The Treasurer has released advice received from the CFR, which includes a number of specific recommendations for the regulation of financial benchmarks and was jointly developed by the Australian Securities and Investments Commission (ASIC), the Reserve Bank of Australia (RBA), the Australian Prudential Regulation Authority (APRA) and the Commonwealth Treasury.
The advice was provided at the request of the Treasurer and followed CFR stakeholder consultation on reform options.
The Treasurer has stated that this “package will ensure our regulatory regime is as modern and secure as any comparable regime found in equivalent foreign jurisdictions, such as the United Kingdom and the European Union.”
What are the recommendations?
Key aspects of the CFR recommendations include that:
- (new ASIC licensing regime) administrators of “significant benchmarks” should be required to hold a new, standalone “benchmark administration licence”, unless exempted.
The CFR has recommended that “significant benchmarks” should be identified by reference to specified criteria, which in broad terms are intended to identify systemically important benchmarks and benchmarks that will have a significant impact on investors. However, for certainty, the CFR has also recommended that the implementing legislation or regulations should include an initial list of significant benchmarks, and that ASIC should be empowered to prescribe additional (or remove) significant benchmarks from time to time.

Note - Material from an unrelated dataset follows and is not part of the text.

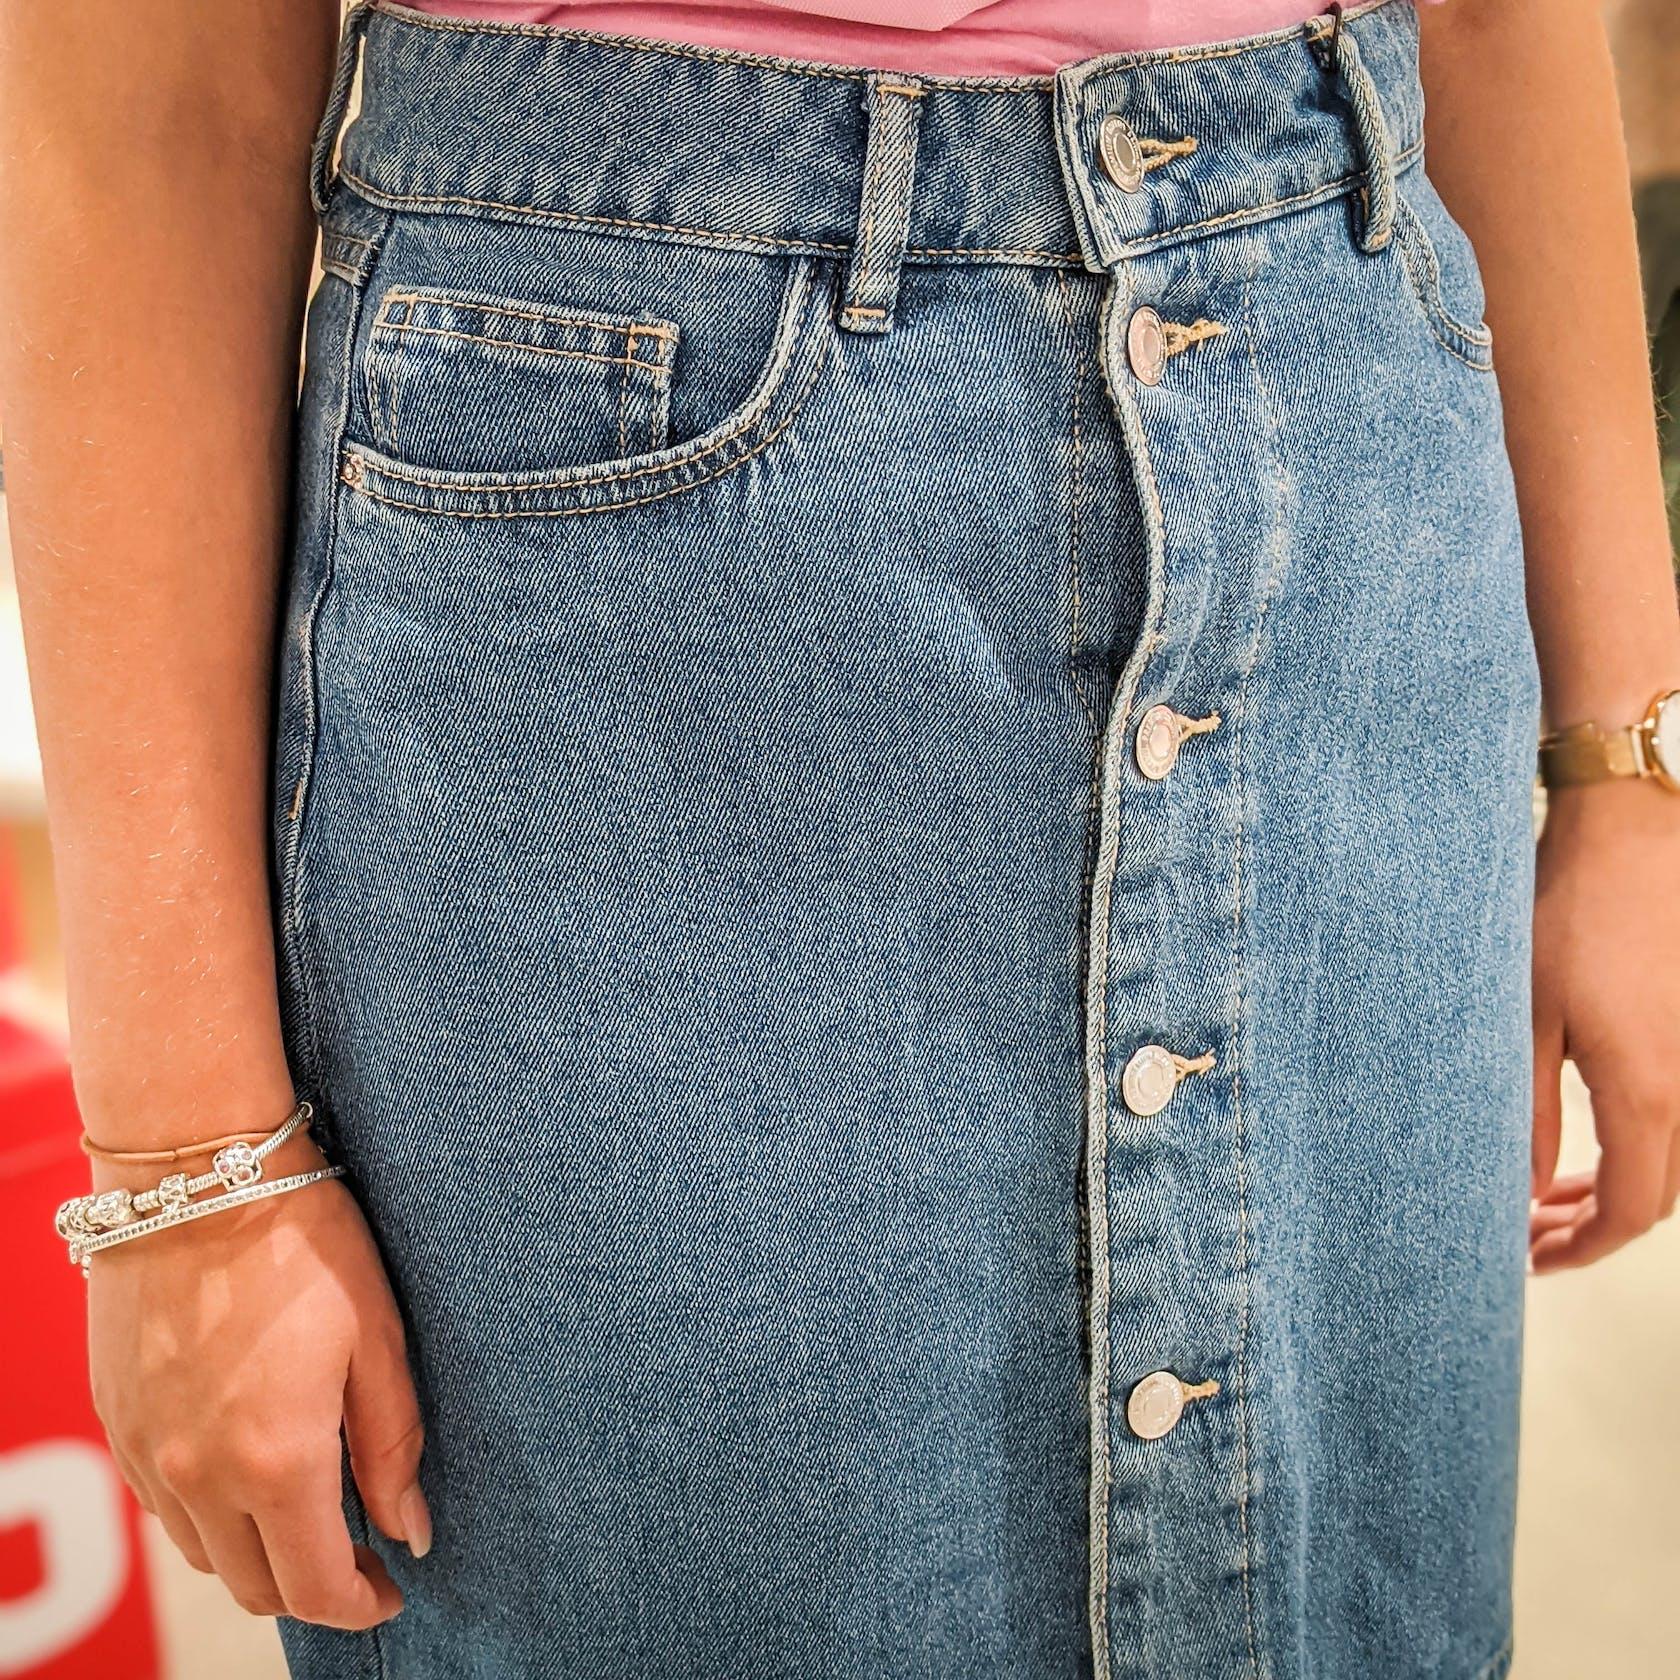 Nahaufnahme von einem Jeansrock von der Marke Vero Moda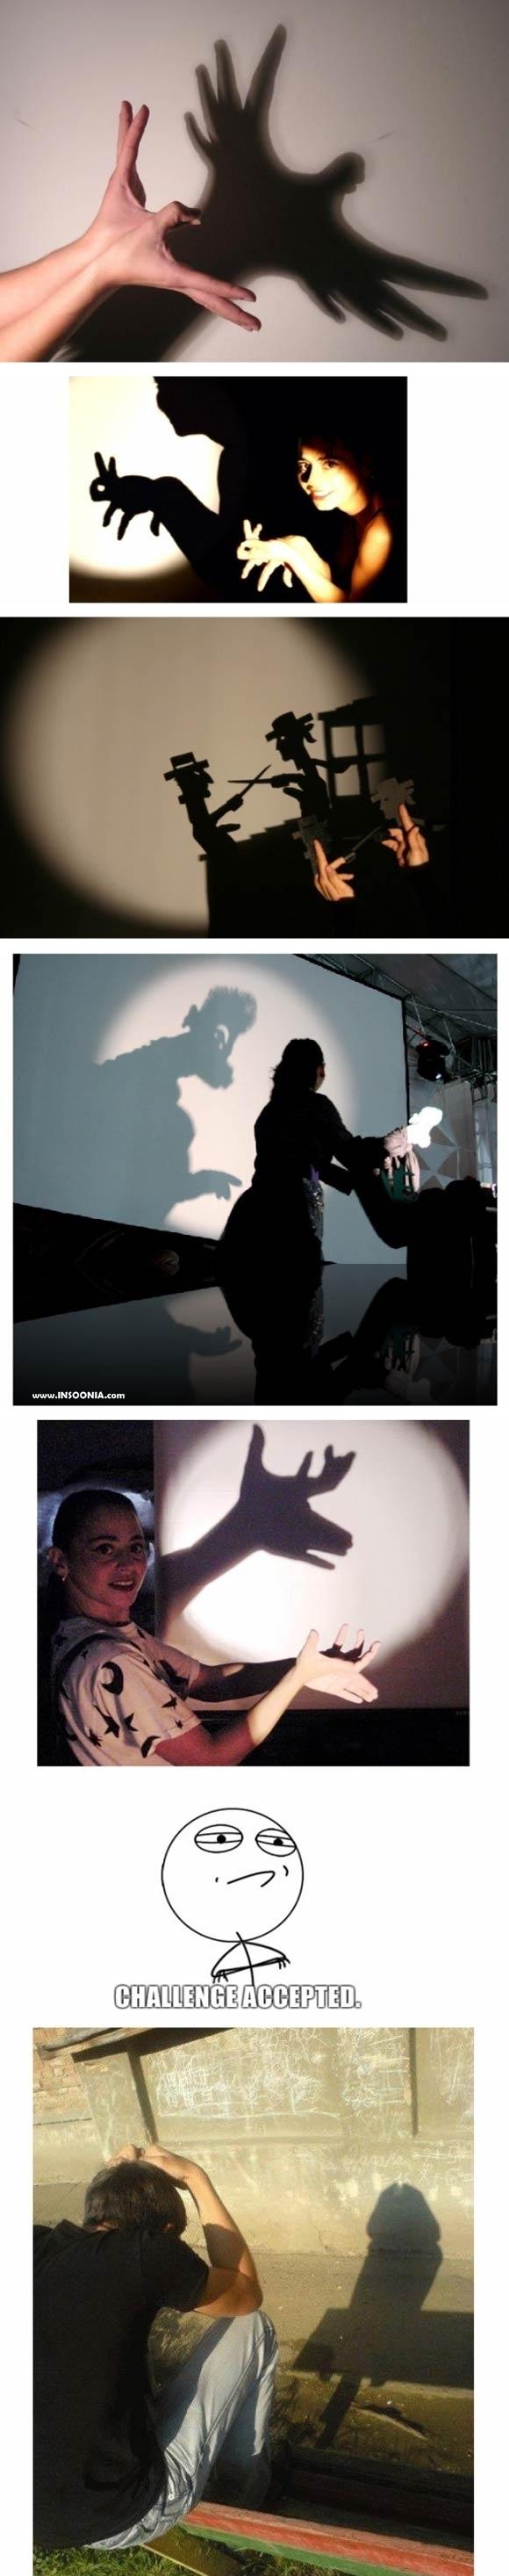 sombras-com-as-mãos

Based on the criteria recommended, the CFR anticipates that the Bank Bill Swap Rate (BBSW), the Standard & Poor’s (S&P)/Australian Securities Exchange (ASX) 200 index, the ASX Bond futures settlement price, the cash rate and the Consumer Price Index (CPI) are likely to be considered significant, and has noted that the WM/Reuters Australian dollar foreign exchange benchmark could also be considered significant;
- (newASIC rule-making power – regulated benchmarks) ASIC should be empowered to make rules imposing obligations on licensed benchmark administrators, which should align with relevant International Organisation of Securities’ Commission’s (IOSCO) principles but may also expand those obligations in some cases;
- (new ASIC rule-making power – submitters) although benchmark administrators should retain primary responsibility for operating a benchmark, ASIC should be empowered to make rules on regulatory matters related to benchmark submission (such as record keeping, governance of the submission process and data quality). The CFR has also recommended that the regime should enable the rules to apply to a range of entities that may make a submission to a significant benchmark;
- (power to compel submission) ASIC should be empowered to make rules that could compel submission to a significant benchmark as a last resort; and
- (new specific criminal and civil offences) new specific criminal and civil offences of benchmark manipulation applicable to all financial benchmarks (not just significant benchmarks) should be introduced.
The recommendations propose that the new regulations should apply to significant benchmarks regardless of the domicile of the administrator, and that the new offences should extend to conduct having a relevant impact in Australia, even if that conduct occurs outside Australia.